Dataset records:
□ □ □ □ □

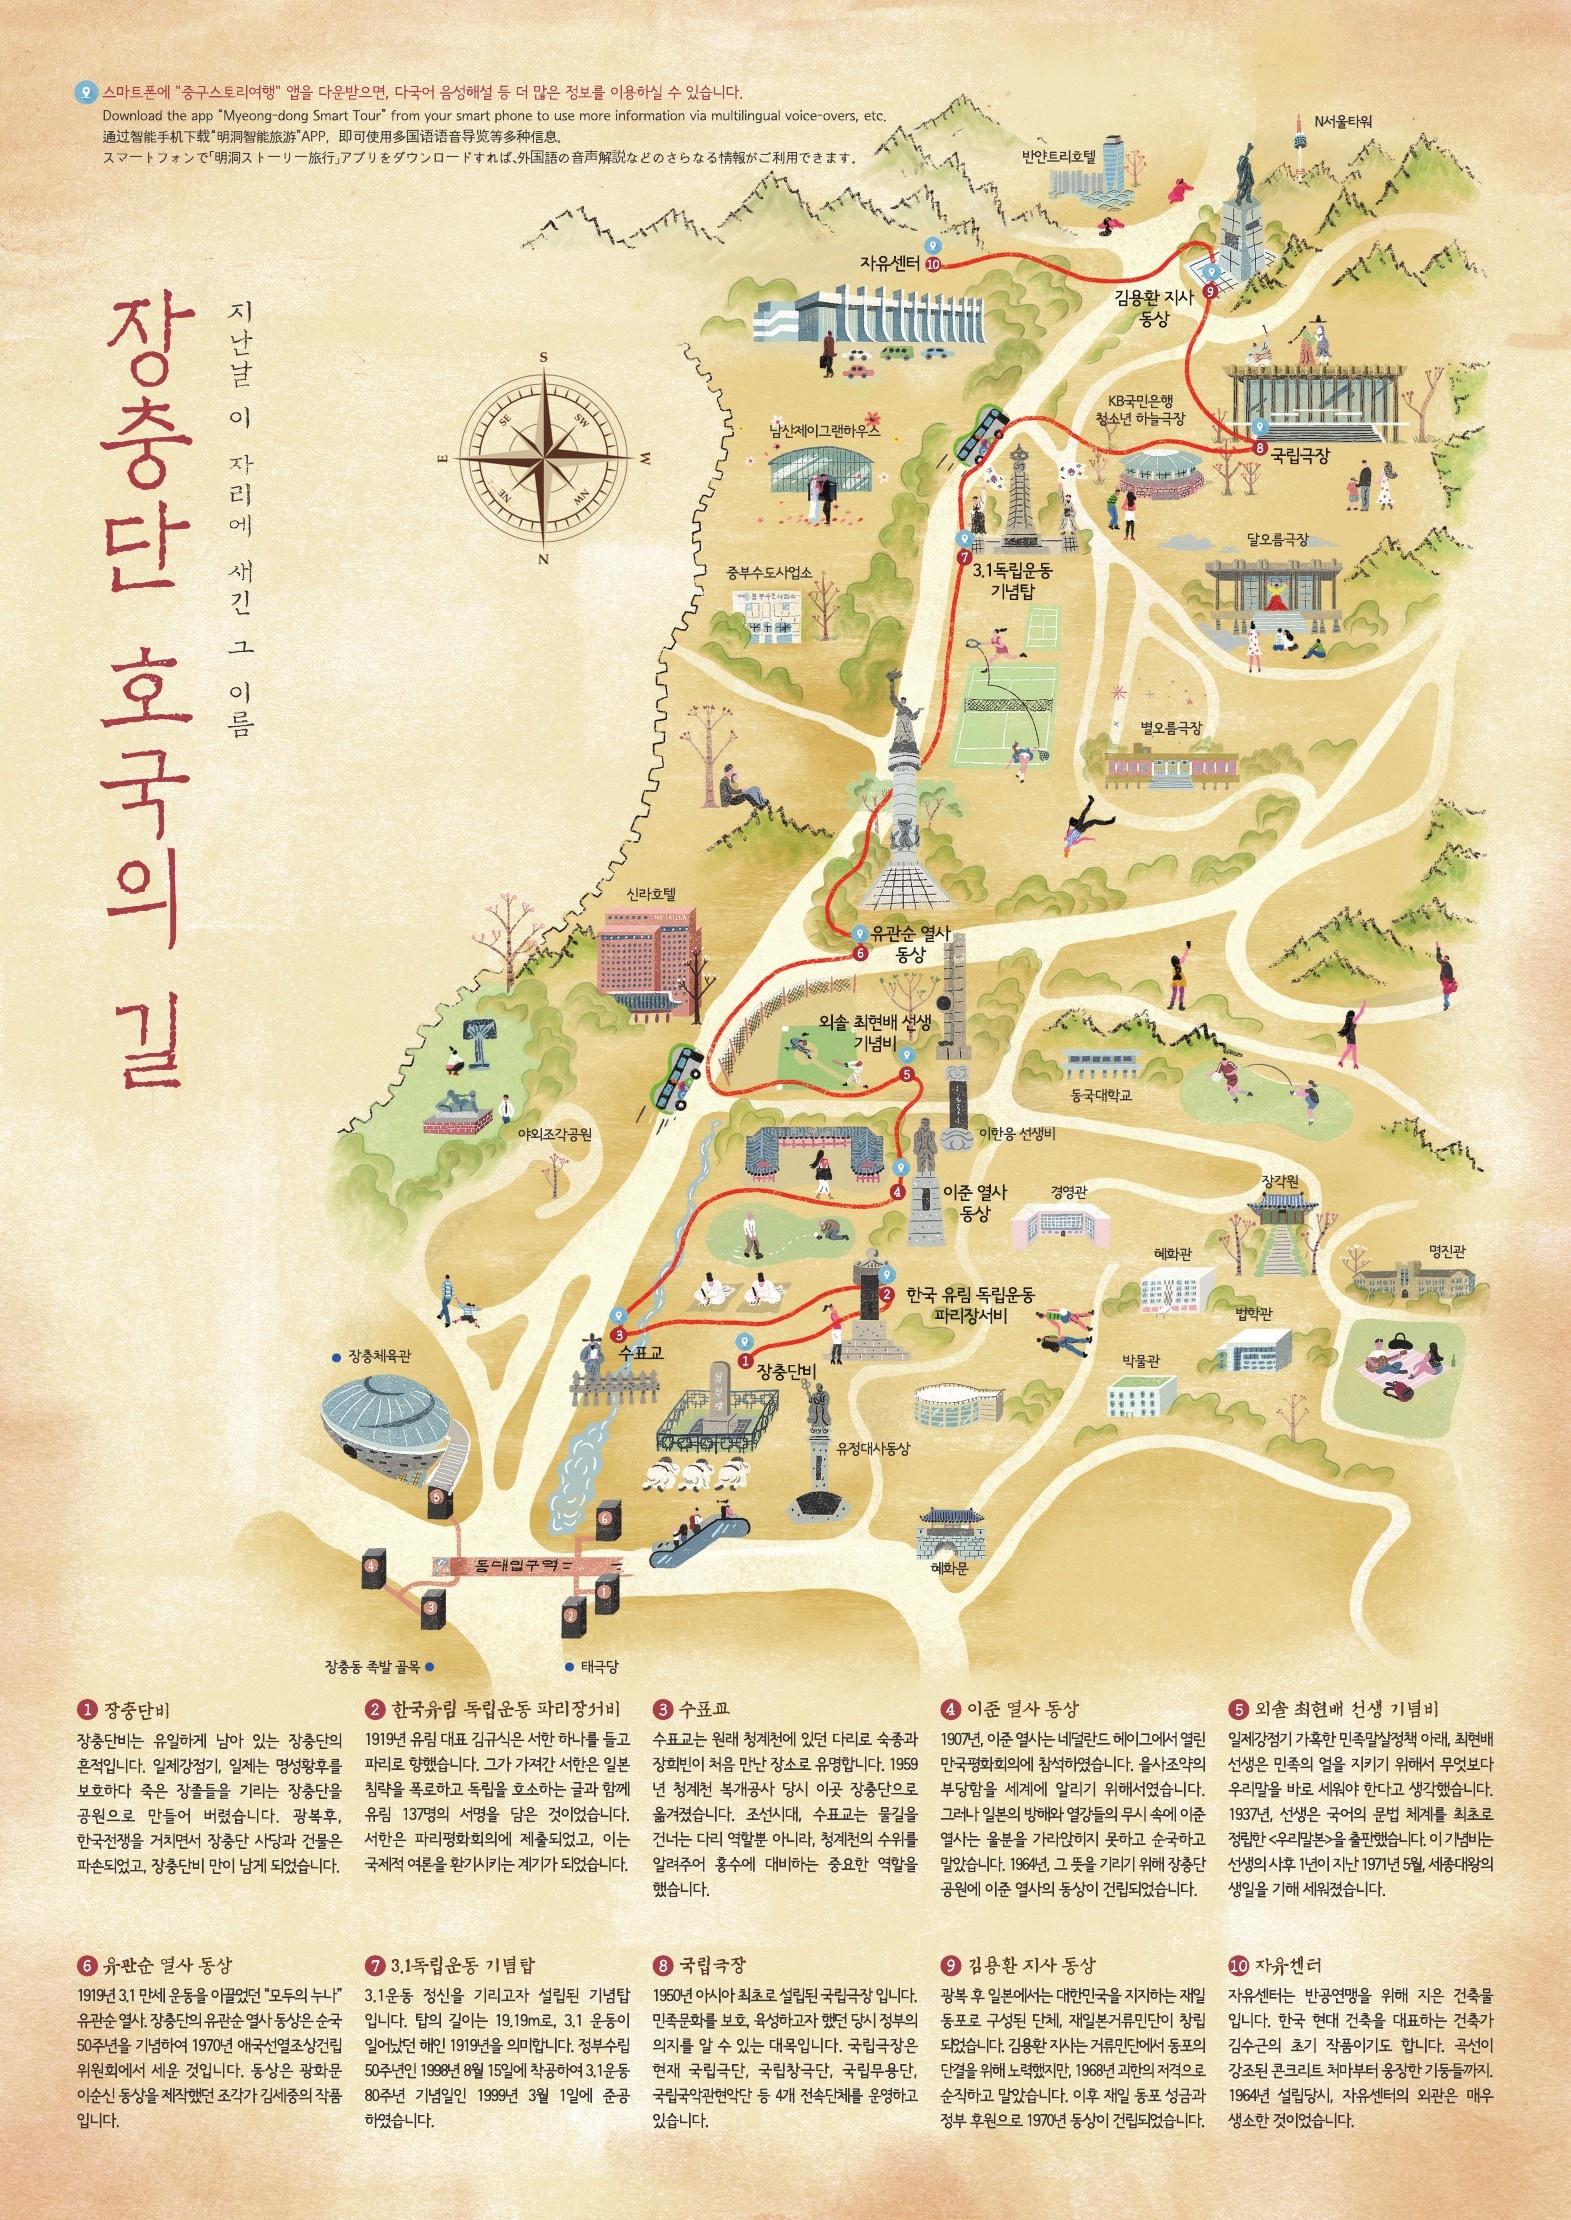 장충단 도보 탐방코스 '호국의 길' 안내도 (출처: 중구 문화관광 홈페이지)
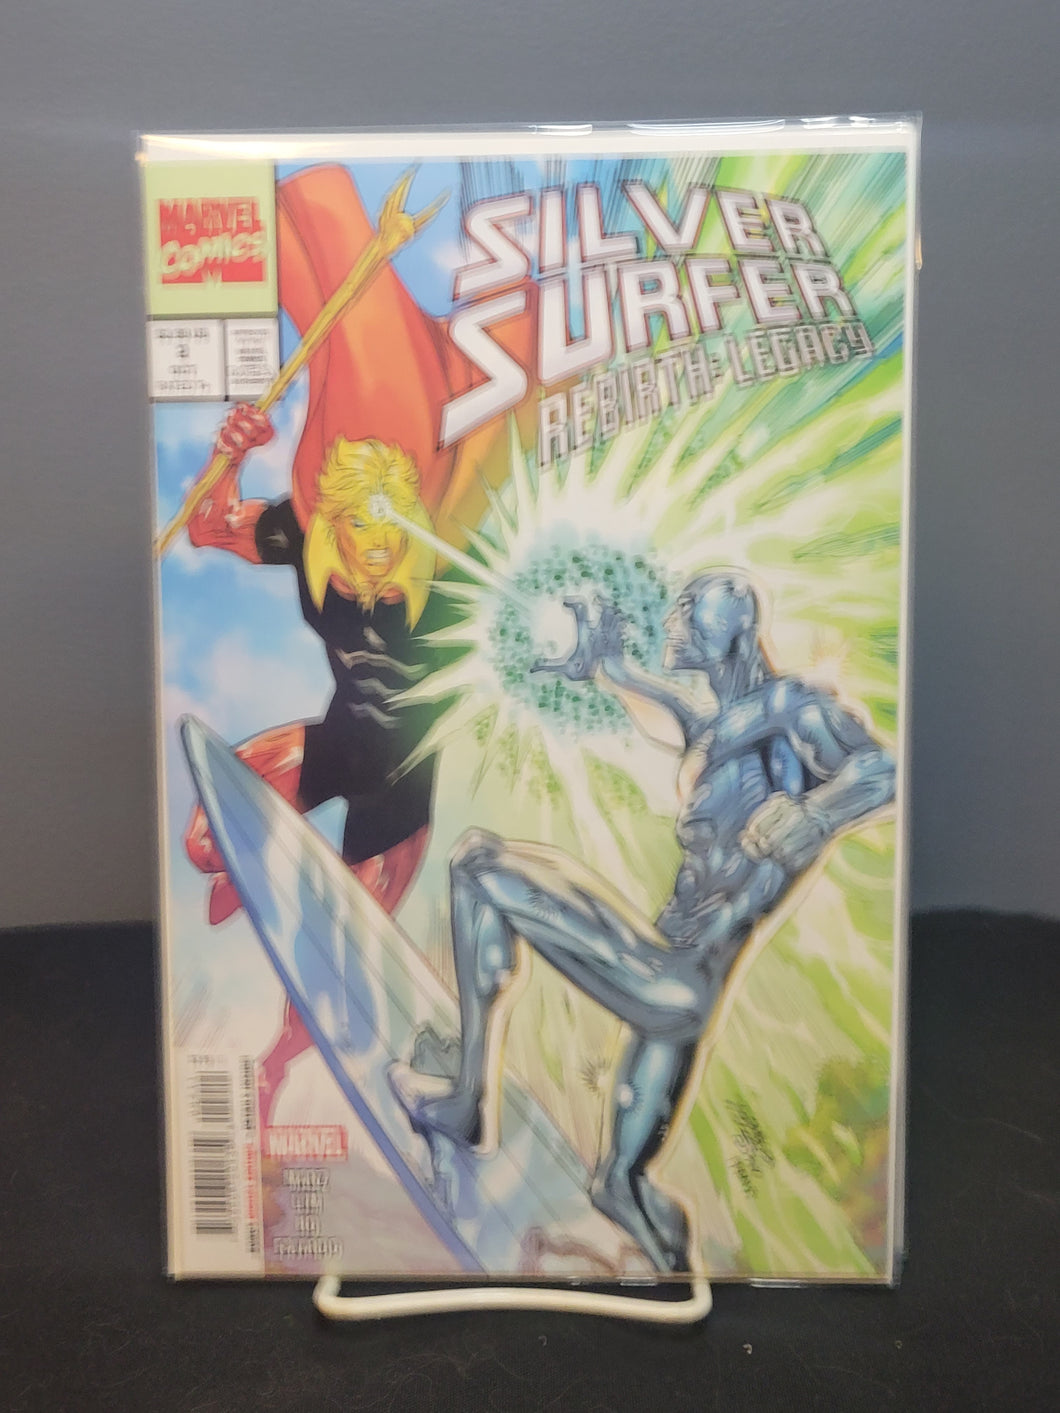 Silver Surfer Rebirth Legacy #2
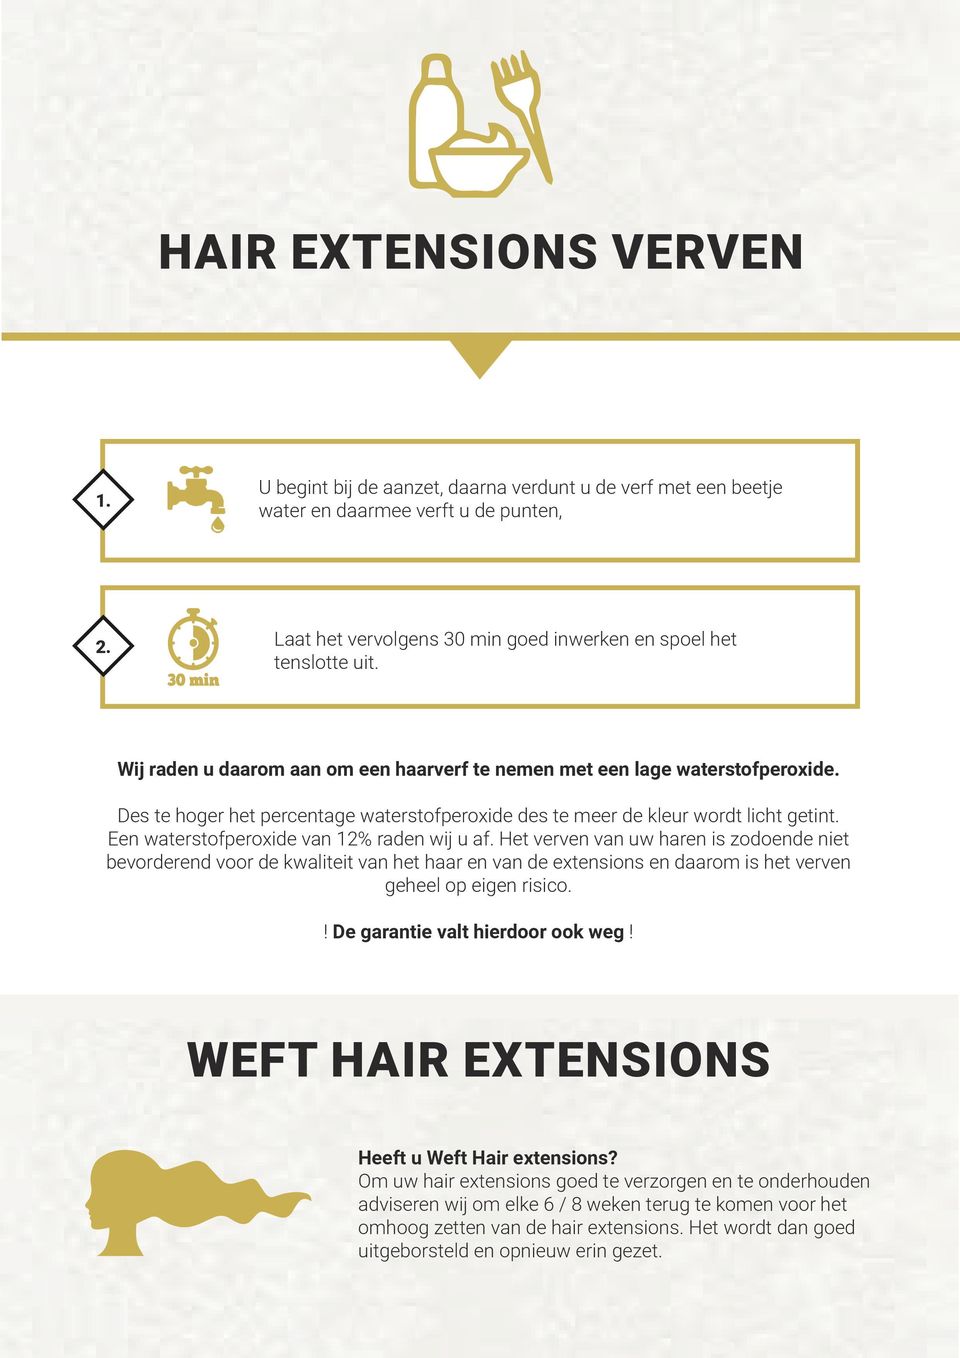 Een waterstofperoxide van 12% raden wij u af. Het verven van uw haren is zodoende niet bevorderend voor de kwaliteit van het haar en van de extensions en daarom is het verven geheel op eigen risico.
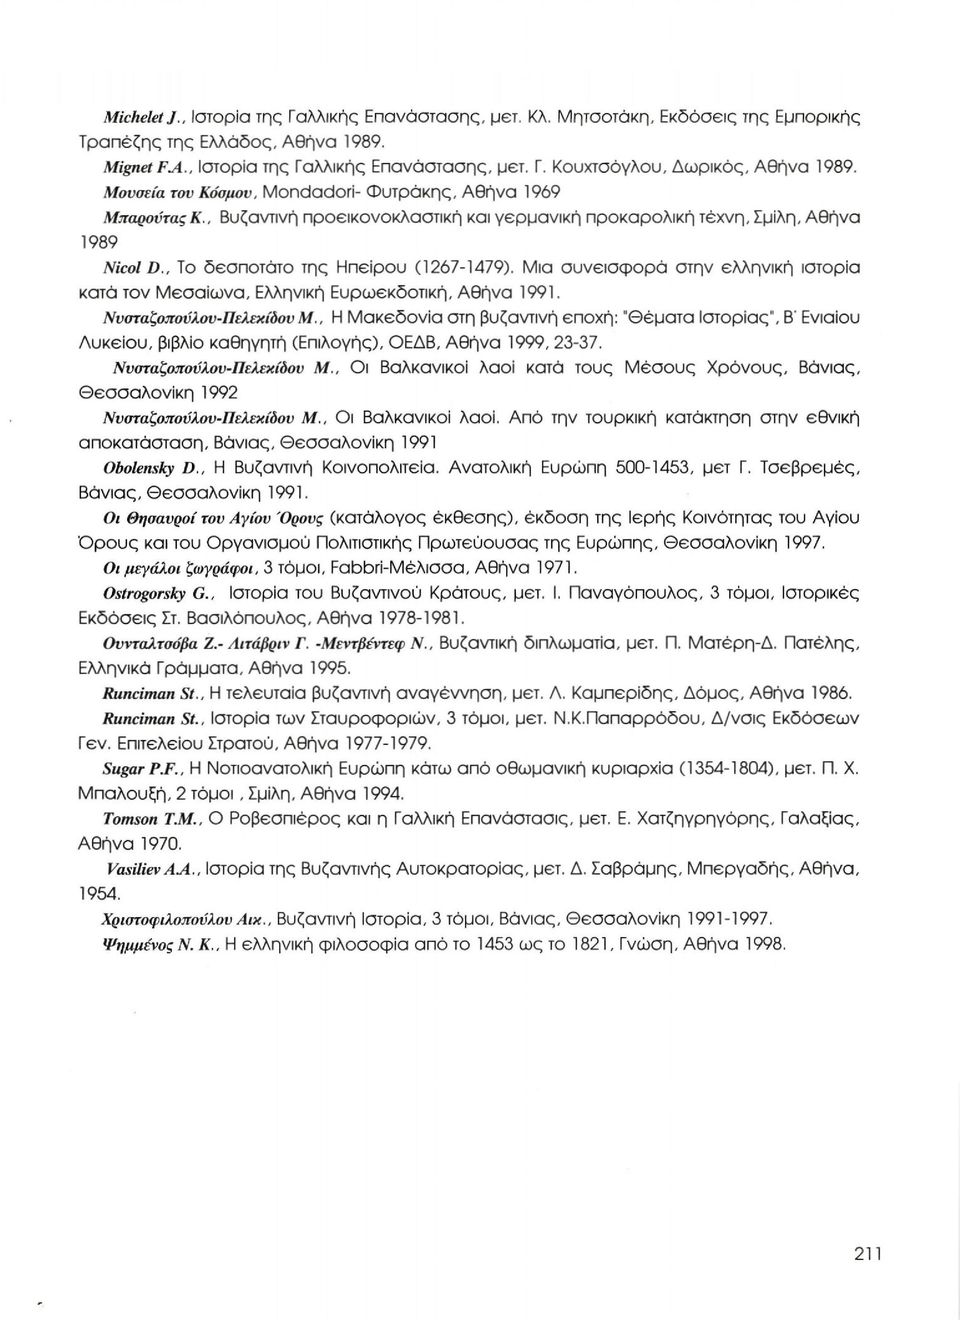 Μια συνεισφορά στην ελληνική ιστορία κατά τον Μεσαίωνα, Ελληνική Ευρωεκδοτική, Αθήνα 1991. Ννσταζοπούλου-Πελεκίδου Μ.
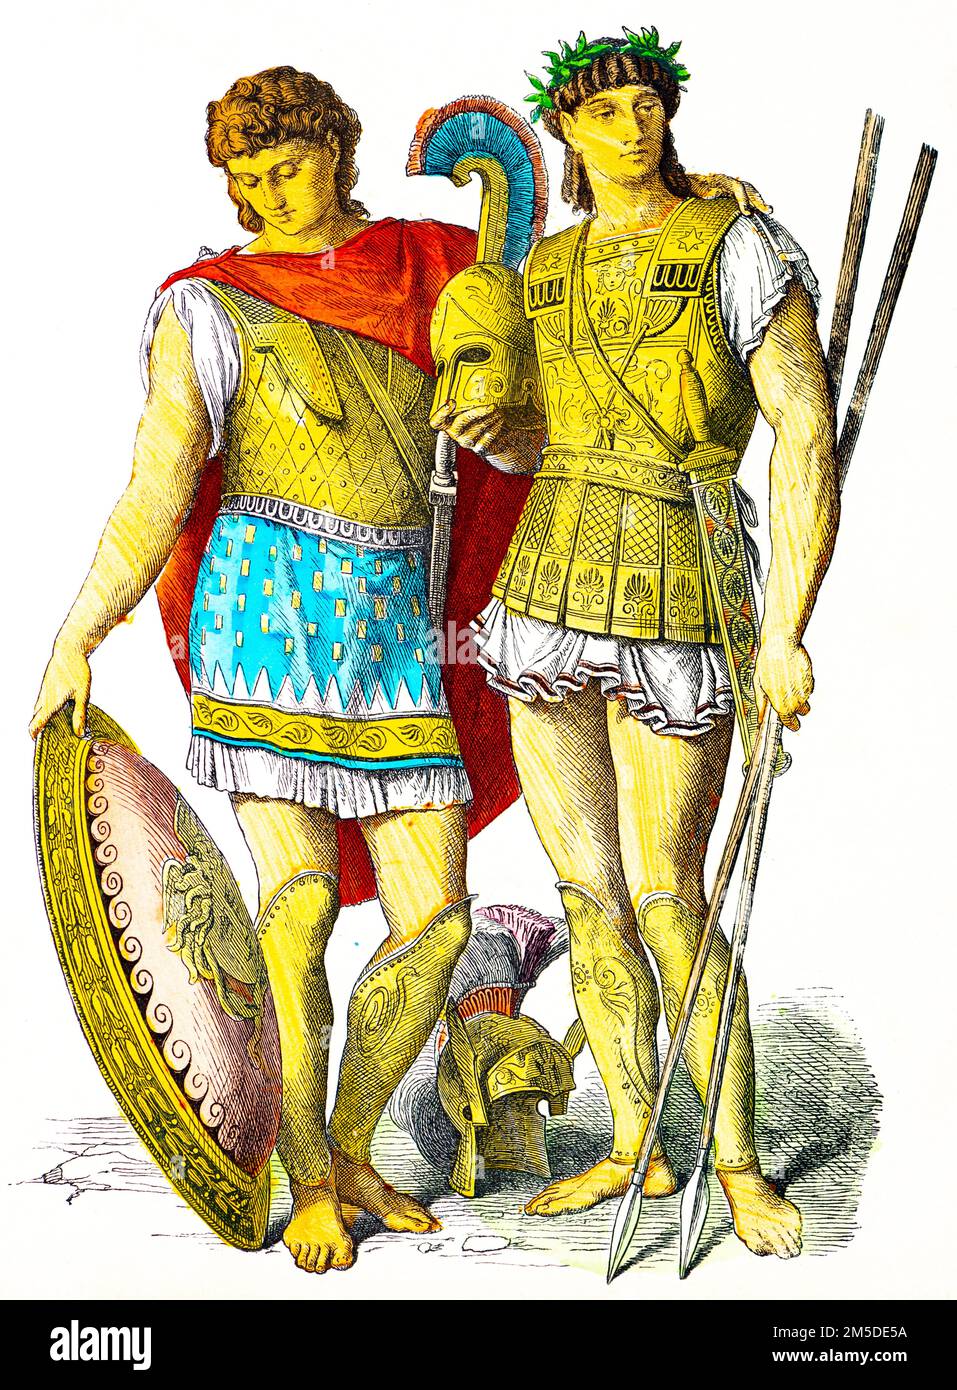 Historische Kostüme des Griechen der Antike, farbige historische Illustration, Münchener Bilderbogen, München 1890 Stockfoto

□ □ □ □ □

▶ [Action item]:
Each entry is to be transcribed verbatim, and any picture in it is to be skipped.

▶ [Exercise response]:
 장충단 도보 탐방코스 '호국의 길' 안내도 (출처: 중구 문화관광 홈페이지)
 Silver Surfer Rebirth Legacy #2
 Een waterstofperoxide van 12% raden wij u af. Het verven van uw haren is zodoende niet bevorderend voor de kwaliteit van het haar en van de extensions en daarom is het verven geheel op eigen risico.
 Μια συνεισφορά στην ελληνική ιστορία κατά τον Μεσαίωνα, Ελληνική Ευρωεκδοτική, Αθήνα 1991. Ννσταζοπούλου-Πελεκίδου Μ.
 Historische Kostüme des Griechen der Antike, farbige historische Illustration, Münchener Bilderbogen, München 1890 Stockfoto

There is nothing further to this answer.